*** Opening of DATA SHOWN ***
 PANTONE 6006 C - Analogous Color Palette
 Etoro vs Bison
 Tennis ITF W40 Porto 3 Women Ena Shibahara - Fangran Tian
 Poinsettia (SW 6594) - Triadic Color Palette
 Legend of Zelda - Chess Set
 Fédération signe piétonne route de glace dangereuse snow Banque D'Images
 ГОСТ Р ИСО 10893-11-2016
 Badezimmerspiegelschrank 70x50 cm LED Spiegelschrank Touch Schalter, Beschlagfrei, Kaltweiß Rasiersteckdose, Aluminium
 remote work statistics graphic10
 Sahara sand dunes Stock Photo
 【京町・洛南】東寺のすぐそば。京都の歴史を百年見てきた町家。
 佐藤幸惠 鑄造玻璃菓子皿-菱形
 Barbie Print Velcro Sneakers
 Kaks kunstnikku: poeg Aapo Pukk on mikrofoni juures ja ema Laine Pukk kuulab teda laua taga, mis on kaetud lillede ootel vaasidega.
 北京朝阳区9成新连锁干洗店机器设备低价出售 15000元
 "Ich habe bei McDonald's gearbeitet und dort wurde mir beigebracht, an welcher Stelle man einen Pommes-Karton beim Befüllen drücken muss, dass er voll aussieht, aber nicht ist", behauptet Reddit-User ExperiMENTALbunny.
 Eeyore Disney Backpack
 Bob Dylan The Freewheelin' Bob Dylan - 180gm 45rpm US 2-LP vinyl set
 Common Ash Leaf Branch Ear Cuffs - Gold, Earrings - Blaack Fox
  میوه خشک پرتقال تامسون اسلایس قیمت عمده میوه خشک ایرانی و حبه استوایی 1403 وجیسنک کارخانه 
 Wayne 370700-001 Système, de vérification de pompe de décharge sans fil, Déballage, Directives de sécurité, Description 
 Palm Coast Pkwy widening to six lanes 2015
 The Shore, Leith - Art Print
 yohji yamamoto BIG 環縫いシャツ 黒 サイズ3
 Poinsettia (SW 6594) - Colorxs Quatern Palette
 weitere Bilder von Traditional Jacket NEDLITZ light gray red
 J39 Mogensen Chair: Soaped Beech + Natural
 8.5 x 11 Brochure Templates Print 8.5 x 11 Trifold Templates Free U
*** Close of DATA SHOWN ***
* WORK TO COMPLETE:
Copy each line of the preceding material that contains "Poinsettia".

* EXPECTED ANSWER:
 Poinsettia (SW 6594) - Triadic Color Palette
 Poinsettia (SW 6594) - Colorxs Quatern Palette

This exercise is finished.